Though internet casino gambling is only legal in a few states, some in the industry are convinced that the practice is the future of betting.
Last Wednesday at the SBC Summit North America—the major gambling industry conference—executives acknowledged that they’ve had difficulty in expanding the legislation of online casino games. However, they remain certain that the future of gambling is online.
Elizabeth Suever, a vice president with Bally’s Corporation, said, “Once you get to millennials, people are comfortable basically running their entire life off their cell phone. This is where gaming is going.”
However, even despite the surge in popularity, online gambling is not reaching quick legal status in many states. Only seven U.S. states currently offer legalized online casino games. These include Connecticut, Delaware, Michigan, New Jersey, Pennsylvania, Rhode Island, and West Virginia. Nevada offers internet poker, but not online casino games. This contrasts with 38 states plus Washington D.C. which offer legal sports betting, the overwhelming majority of which is done online, and mostly through cell phones.
When the U.S. Supreme Court opened measures to make legal sports betting in any U.S. state, the bets “took off like a rocket,” according to Shawn Fluharty, a West Virginia legislator, and the president of the National Council of Legislators from Gaming States.
“Many people thought i-gaming would follow suit,” Fluharty said. “That has not taken place.”
Brandt Iden, the vice president of Fanatics Betting & Gaming, agreed with Fluharty’s assessment by stating, “It’s been a rough road,” adding, “I-gaming is paramount; this is the direction the industry needs to go to be successful, and this is where consumers want it to go.”
When Deutsche Bank issued a research note last month stating that it is likely a matter of “when, not if” internet gambling in Atlantic City overtakes revenue from physical casinos, panelists found some agreement.
They claimed that the industry needed to do a better job of educating lawmakers about internet casino games, and drew comparisons to the illegal, unregulated offshore websites that attract customers all over the country.

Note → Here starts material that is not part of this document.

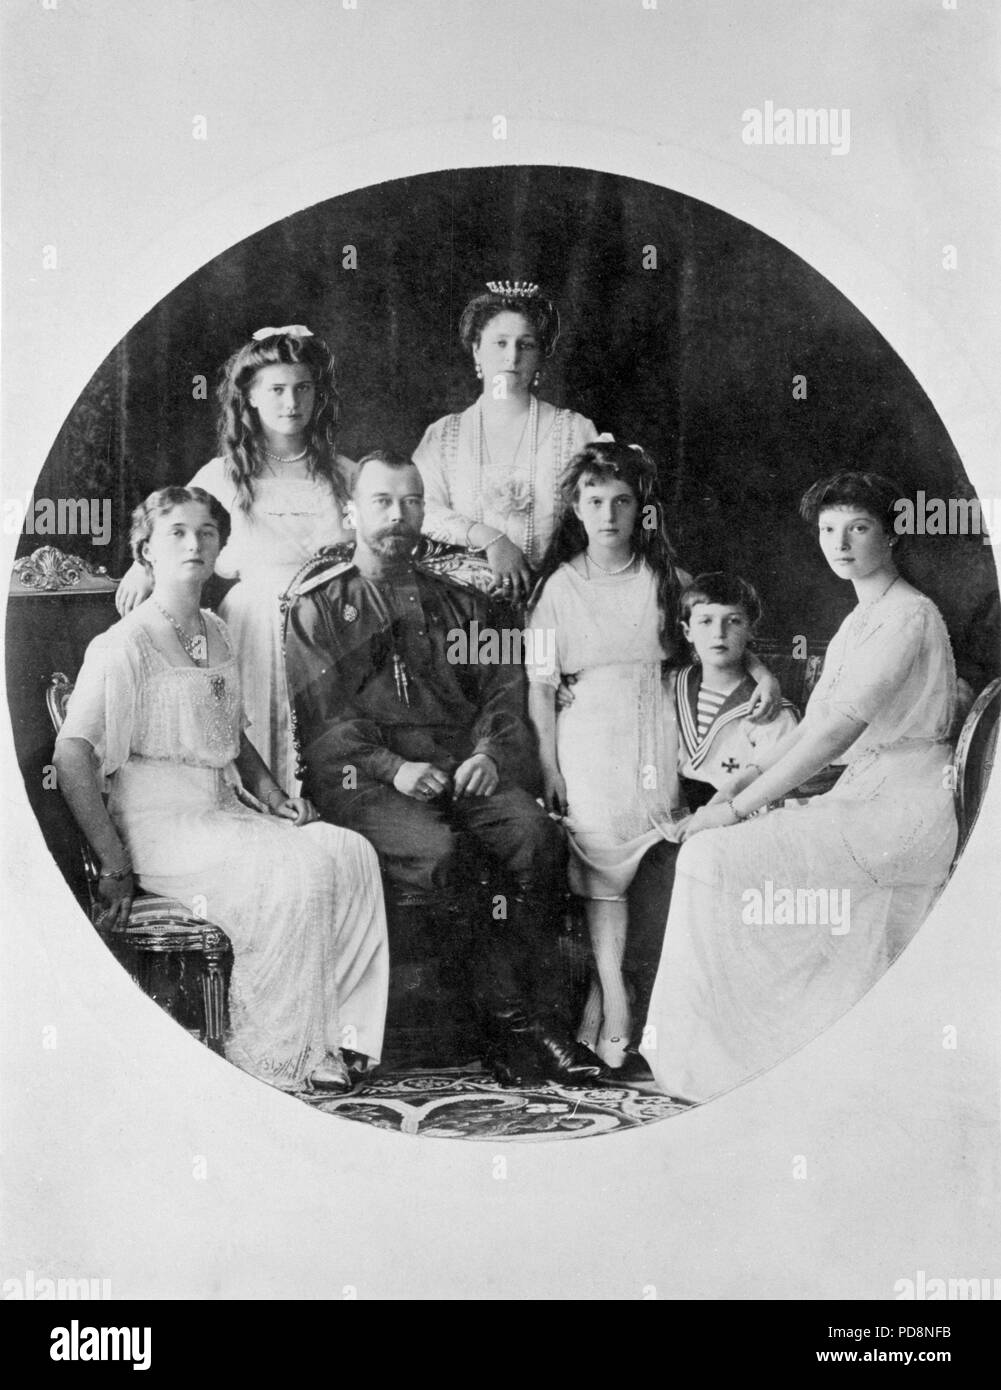 Le Tsar Nicolas II de Russie. 1868-1918. Le dernier empereur de Russie. L'on voit ici avec sa femme Alexandra et ses cinq enfants Tatiana, Anastasia, Alexei, Maria et Olga. Banque D'Images

Legal sites would offer strict regulations and protect customers from fraud, as well as include responsible gaming options such as self-imposed time-outs and activity limits.
Cesar Fernandez, a senior director with FanDuel, said that online casino games should prove to be increasingly attractive as federal post-pandemic aid dries up and that U.S. states could bring in new revenue without the need to raise taxes. Fernandez claimed that, since 2018, FanDuel had paid $3.2 billion in taxes. “That’s a lot of teacher salaries, a lot of police officers and firefighters,” he added.
The industry has cited several challenges to a wider approval of casino gambling. This includes fears of increasing addiction by “putting a slot machine in people’s pockets,” Iden said and added that casino companies needed to implement more player protections.
These issues, combined with whether internet gambling cannibalizes internet casinos, remain prevalent. However, many in the gambling industry have stated that the two types of gambling can complement each other.
However, some casino executives have said that their internet counterparts are hurting the revenue of their brick-and-mortar stars. Rob Norton, president of Cordish Gaming, has been the most vocal in raising the alarm that online gambling will do this. “We’re setting ourselves up for our own failure,” he has stated.
Norton has stated that in-person sports betting revenue in the company’s Maryland Live! casino declined by 65% “and has stayed there.” He added that there has been a decrease of around 7,000 people per day, and that may be one reason why online casino games have not spread more widely.
Adam Glass, an executive with Rush Street Interactive, an online gambling company, has stated that his firm has a relationship with physical casinos, and works hard to be “additive” to them, claiming that online gambling can also be a job creator. This takes effect not only in designing and operating the games themselves but also in industries such as marketing and media.
Quincy Raven, the U.S. managing director of NeoGames Group—a technology company that has been recently acquired by Aristocrat Leisure Limited—has stated that what may appear to be cannibalization to one person may be successful business to another company. He elaborated, “That’s not cannibalization; it’s just competition.”